1. A riser tensioner for use in maintaining a tension on a marine riser (12) from a tension leg platform (14), the tension leg platform (14) moving relative to the marine riser (12), characterized in that the riser tensioner comprises:

at least one elastomeric cylinder (114, 116; 142) having a first torque arm (118, 128) and a second torque arm (118, 128), an elastomeric disk (124) bonded between said torque arms (118, 128) for deformation in torsional shear about a torsion axis;

means for operatively securing said first torque arm (118,128) to said tension leg plateform (14) at a position spaced from the torsion axis; and means for operatively connecting said second torque arm (118, 128) to said marine riser (12) spaced from the torsion axis, torsional shear in said elastomeric disk (124) tensioning the marine riser (12).

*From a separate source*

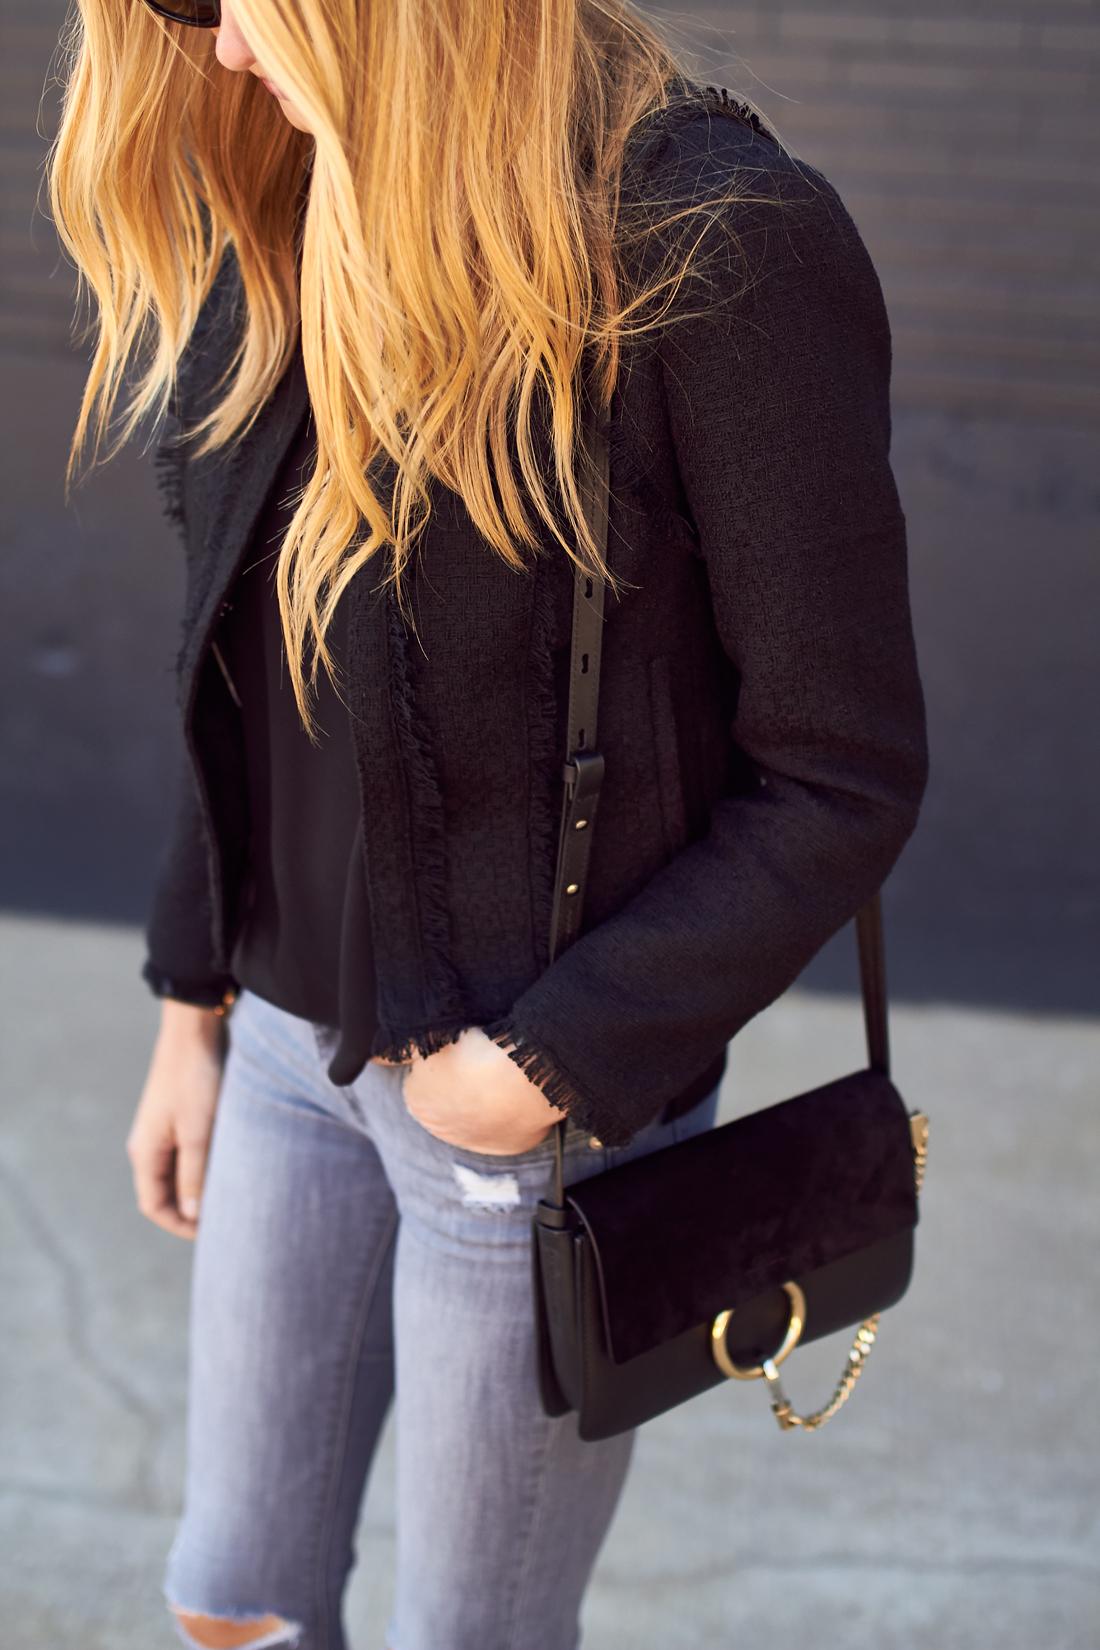 fashion-jackson-black-tweed-jacket-chloe-faye-black-handbag
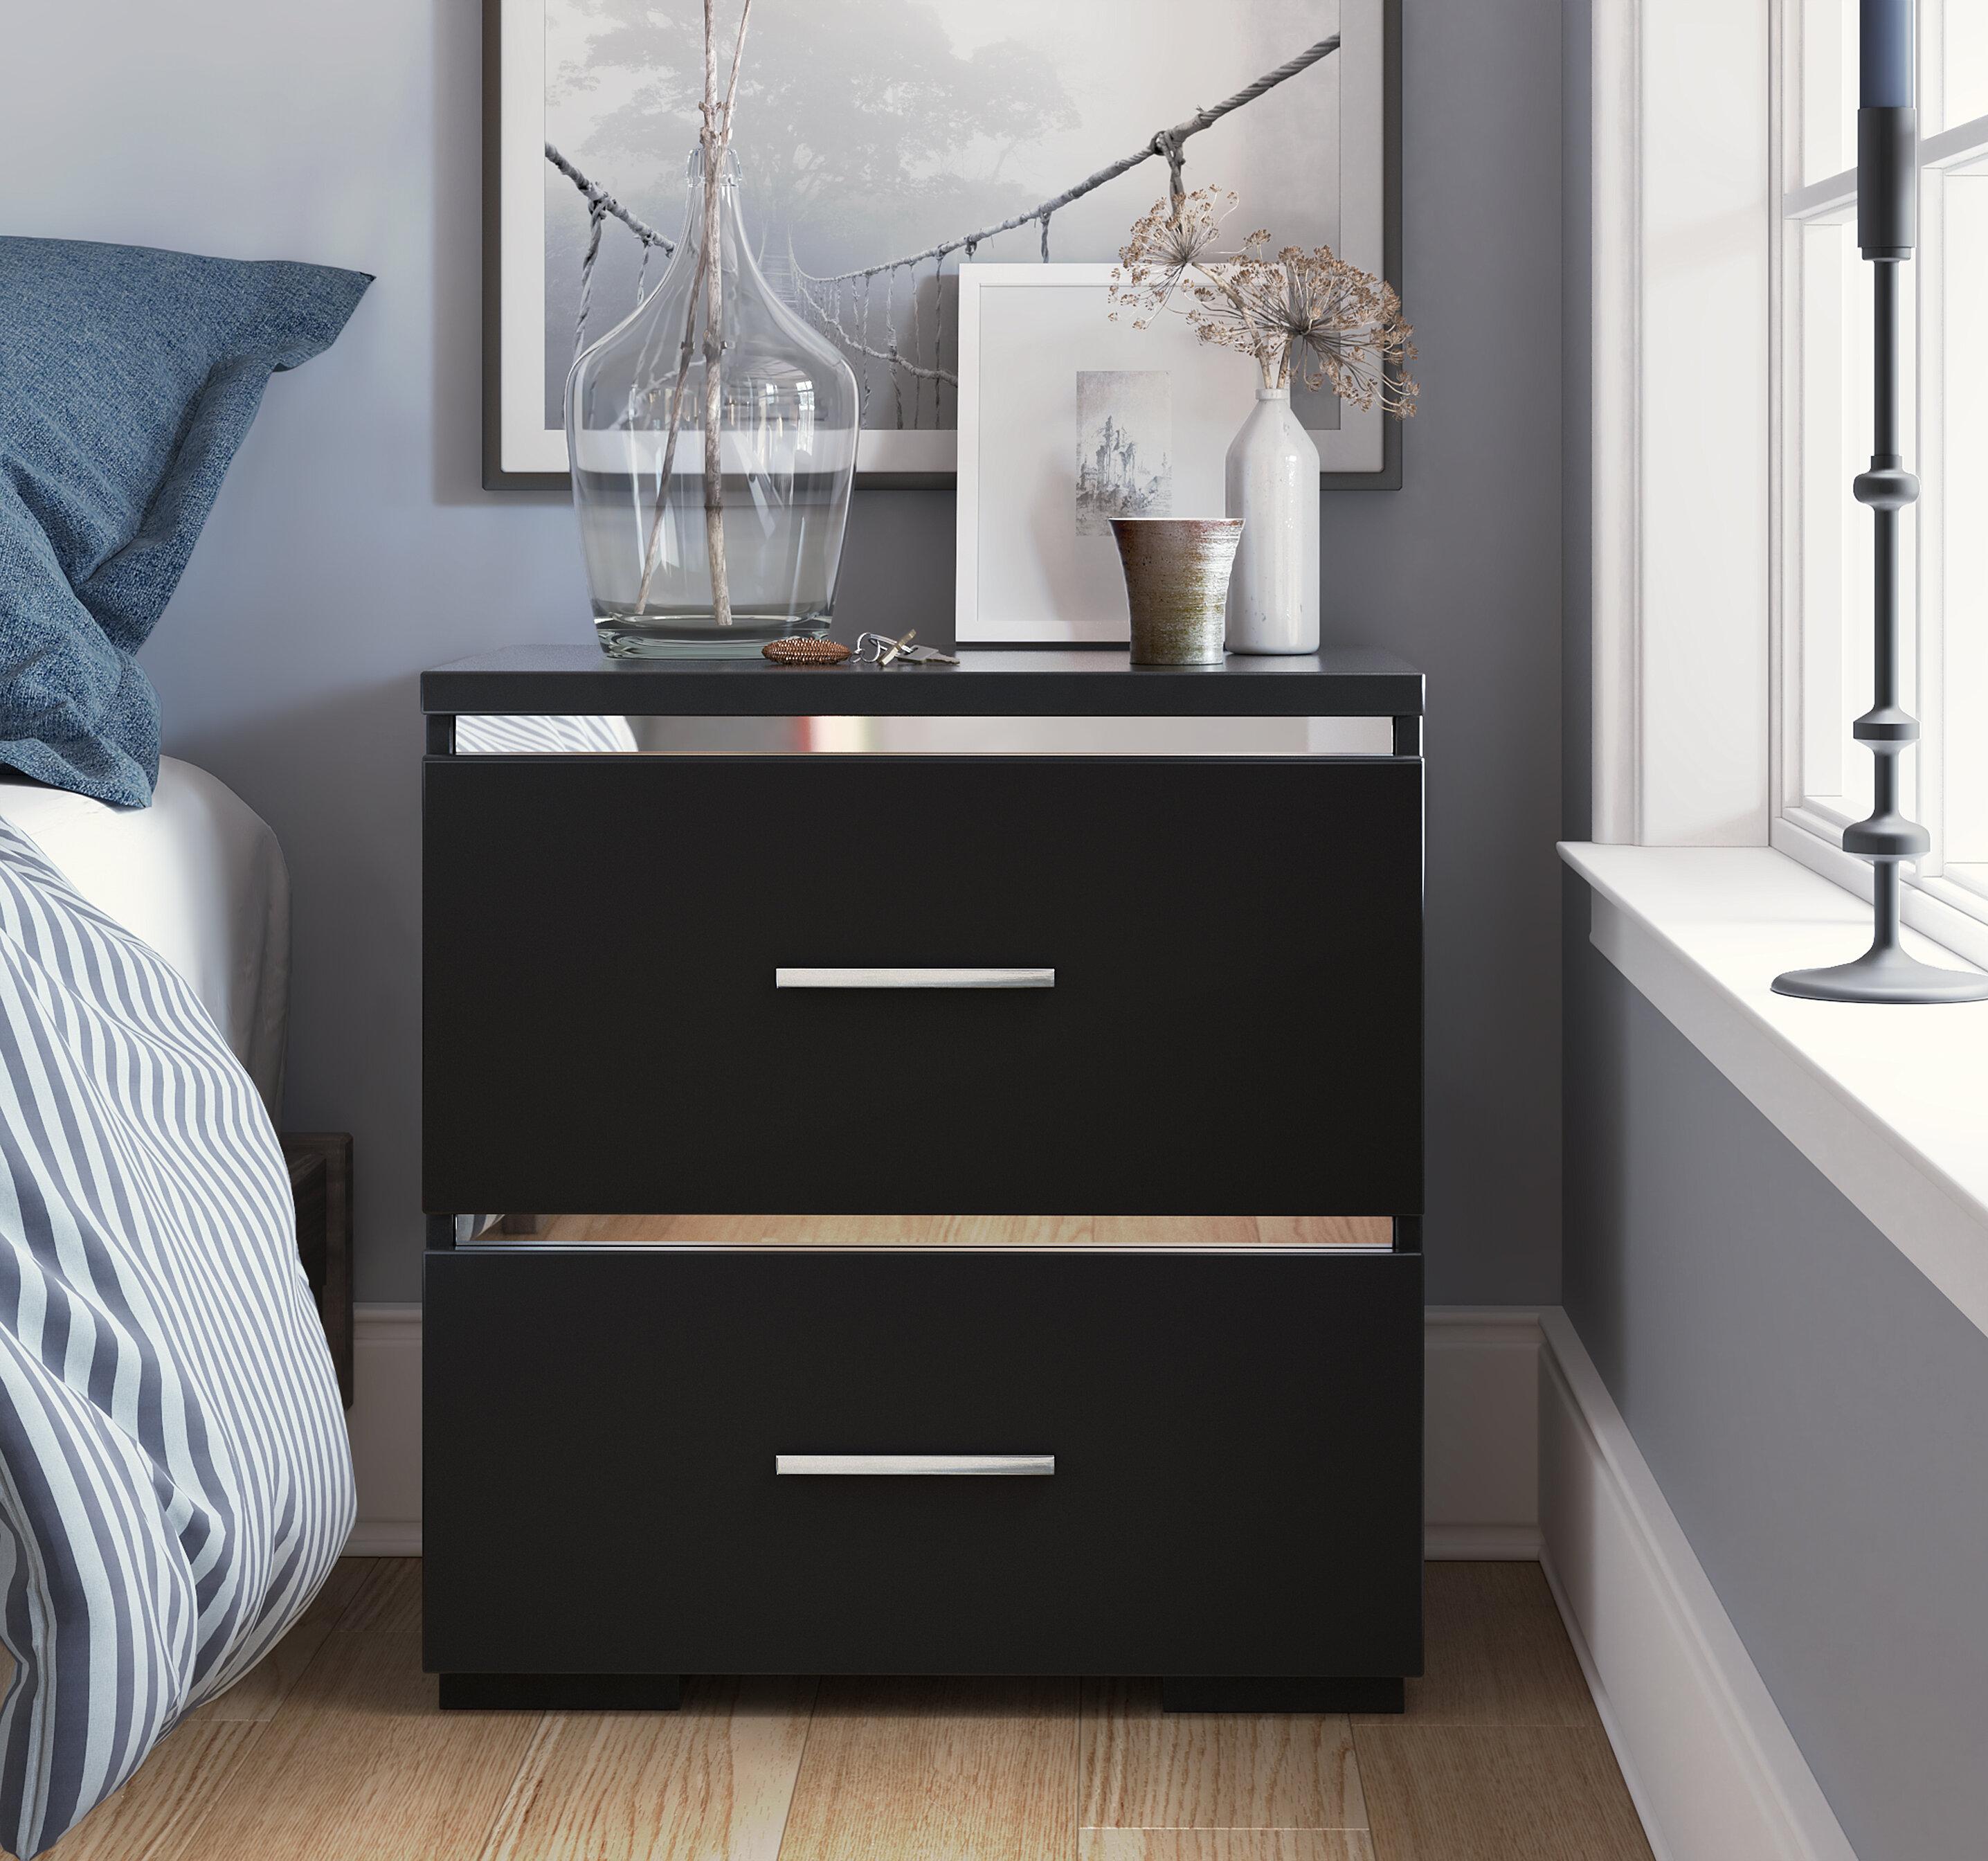 Bedside Tables Cabinets Bedroom Uv Matt High Gloss Bedside Drawer Cabinet Table 4 Handles Wood Furniture Home Furniture Diy Cruzeirista Com Br

2. The riser tensioner of Claim 1 wherein a plurality of elastomeric disks (124) are provided in the elastomeric cylinder (114, 116; 142), a first of said disks being bonded to said first torque arm (118, 128) and a second of said disks being bonded to said second torque arm (118, 128), rigid intermediate disks (126) being bonded between adjacent elastomeric disks (124).

3. The riser tensioner of Claim 1 further having a second elastomeric cylinder and means (136) for securing said first and second elastomeric cylinders (114, 116; 142) with the torsion axes parallel, and means (138) for connecting a torque arm (128) of each cylinder to a torque arm of the other cylinder.

4. The riser tensioner of Claim 3 wherein said means (138) for connecting torque arms on said cylinders (114, 116; 142) is adjustable to set in a predetermined torsional shear in the elastomeric disks (124) to tension the marine riser (12).

5. The riser tensioner of Claim 3 or 4 further having means (138) for ensuring that the rotation of each of the cylinders (114, 116; 142) about the torsion axis is uniform.